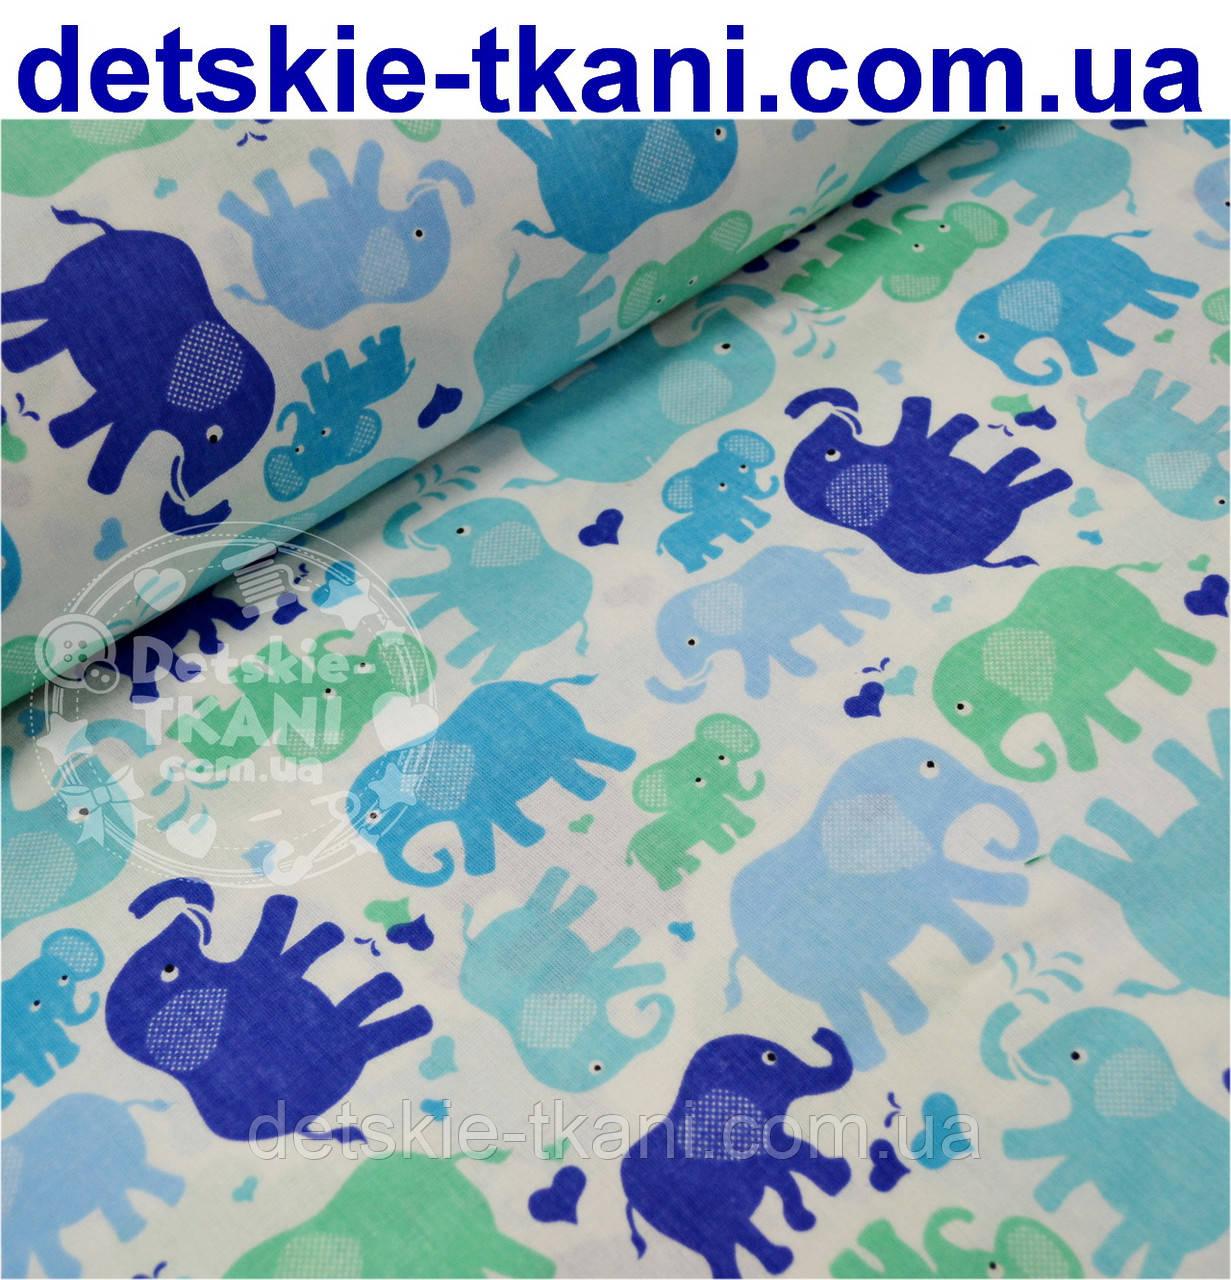 Ткань с цветными слонами: синими, голубыми, мятными (№465)
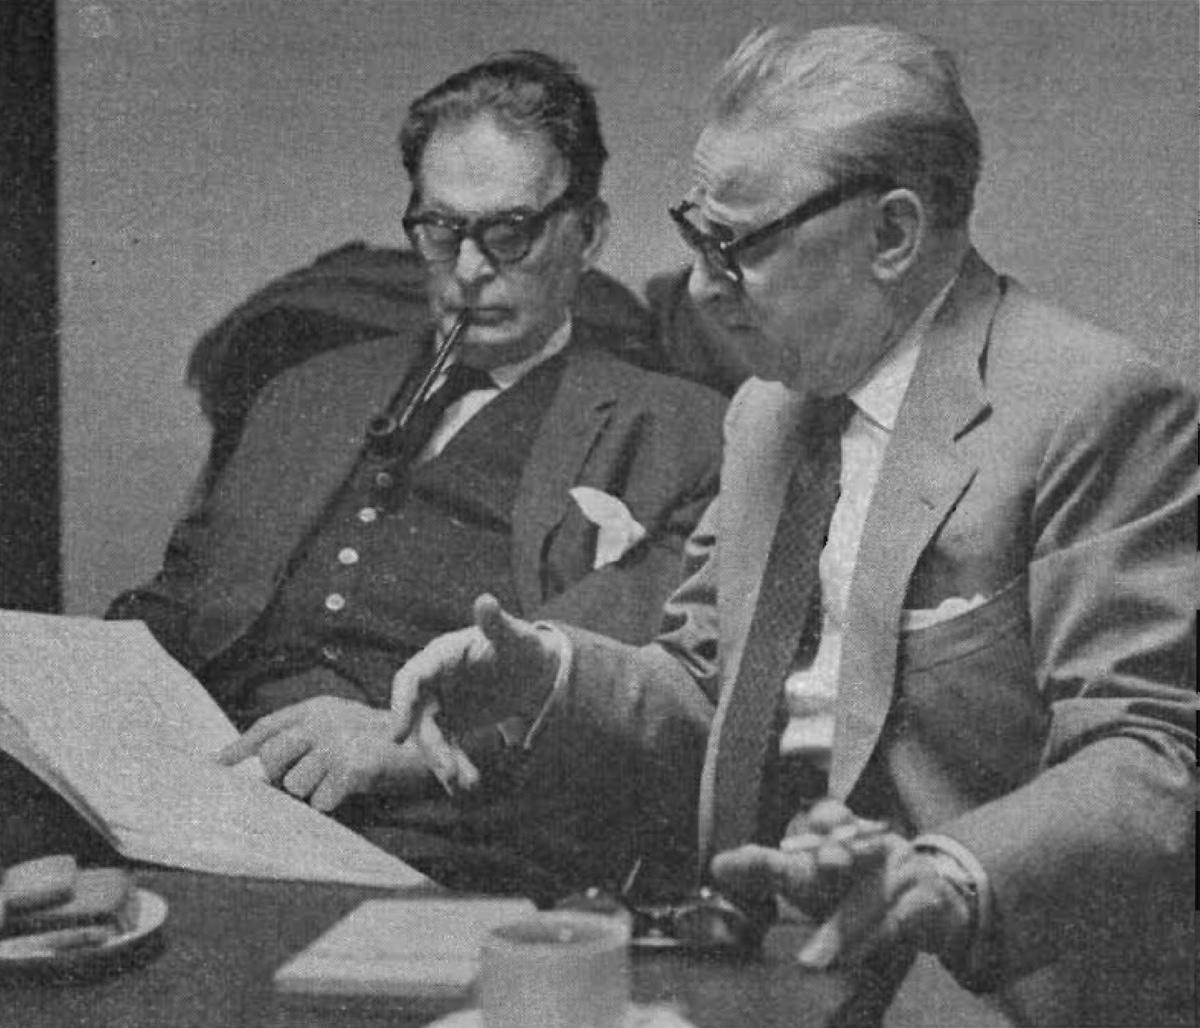 Otto Klemperer et Walter Legge, une photo de Godfrey MacDomnic, env. 1962, cliquer pour une vue agrandie
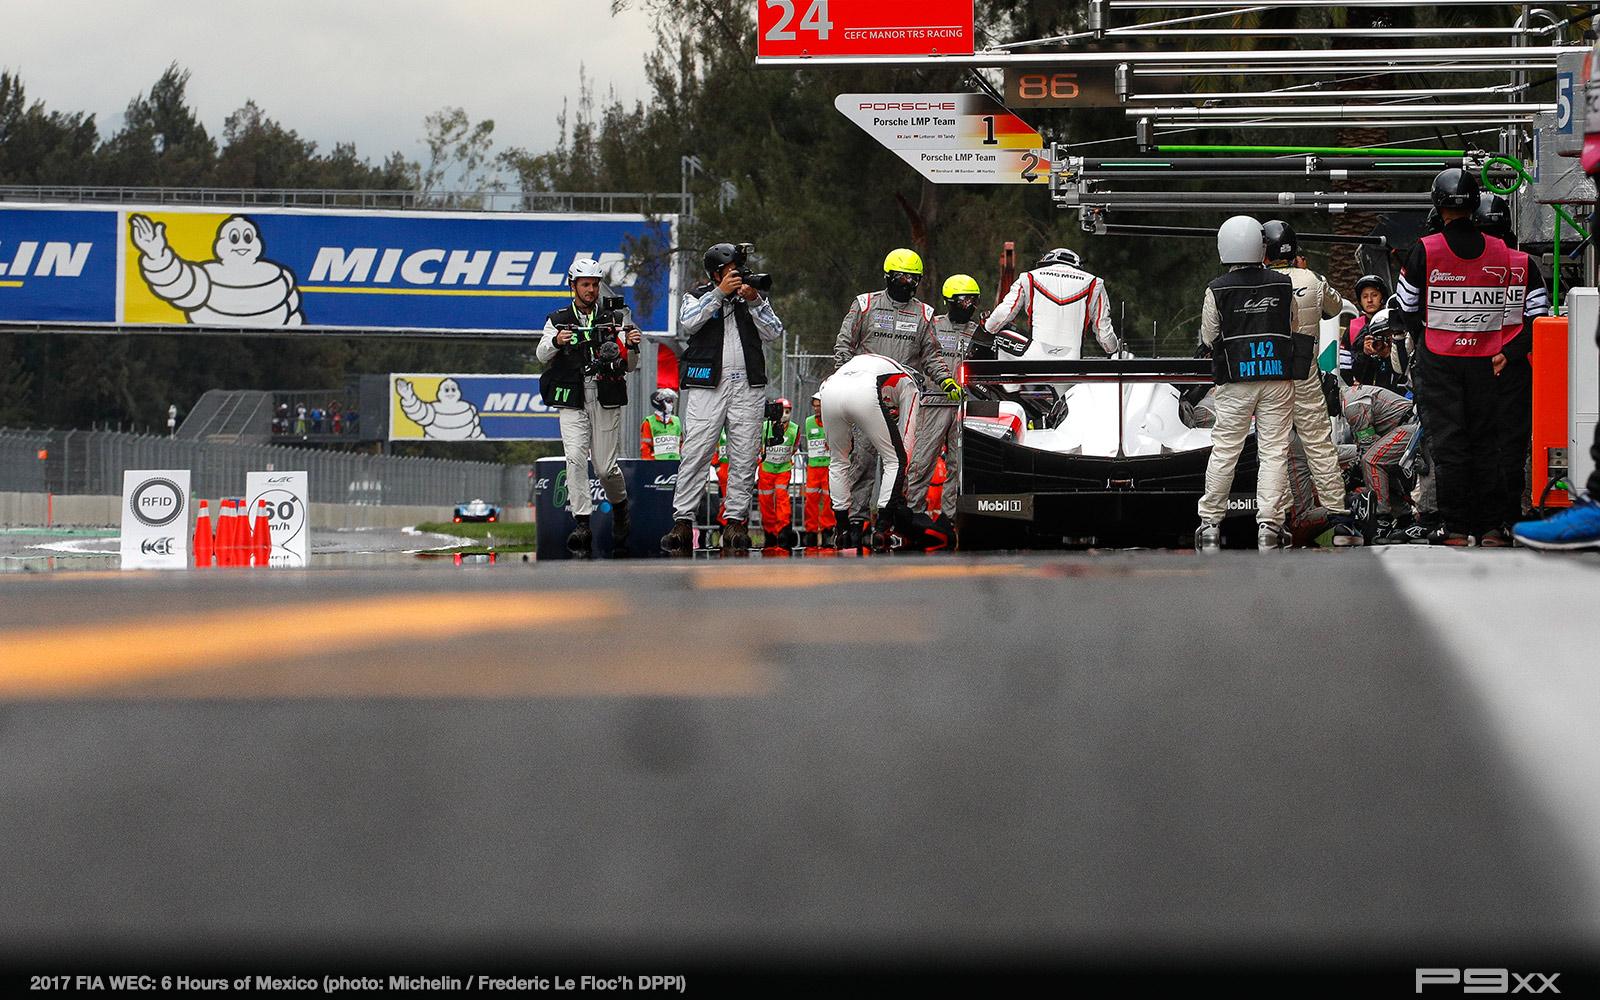 2017-FIA-WEC-6-HOURS-MEXICO-PORSCHE-exico_FLF_02117008_518661249
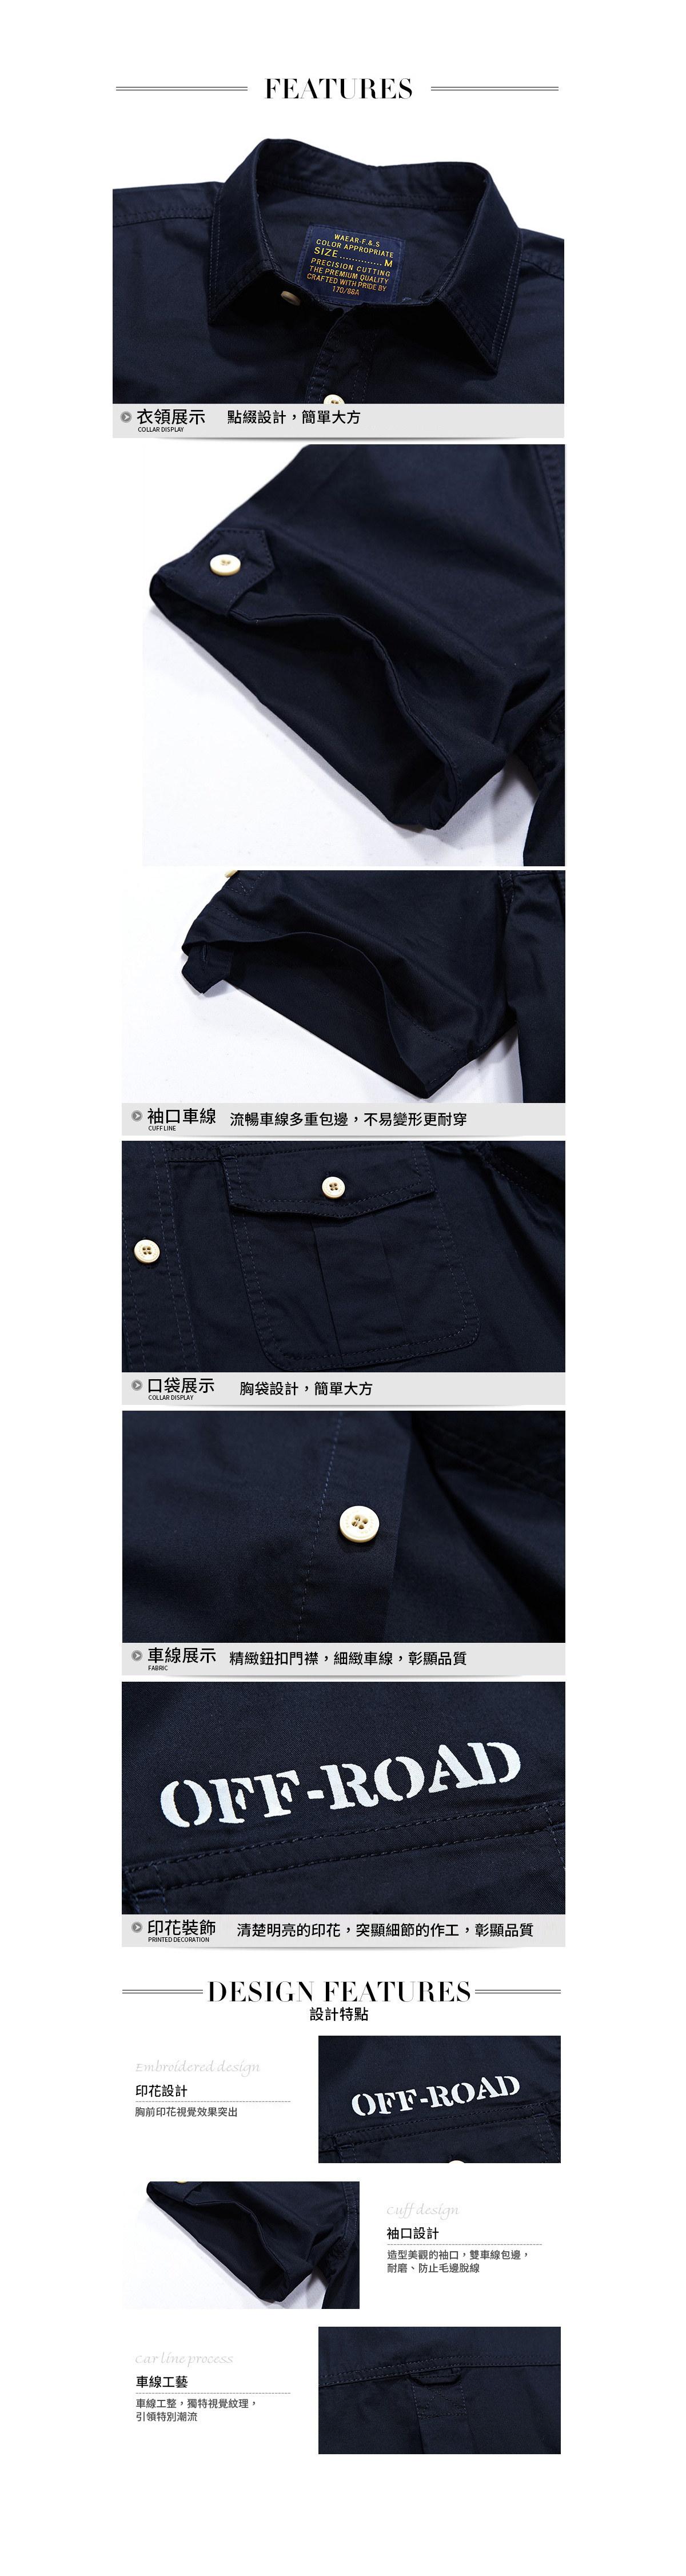 OFF-ROAD.臂釦設計軍裝短襯衫

EXERCISE AIM >> When a line carries an image, skip the image and repeat everything else above exactly as written.

RESULT >>
 Ткань с цветными слонами: синими, голубыми, мятными (№465)
 Otto Klemperer et Walter Legge, une photo de Godfrey MacDomnic, env. 1962, cliquer pour une vue agrandie
 2017-FIA-WEC-6-HOURS-MEXICO-PORSCHE-exico_FLF_02117008_518661249
 OFF-ROAD.臂釦設計軍裝短襯衫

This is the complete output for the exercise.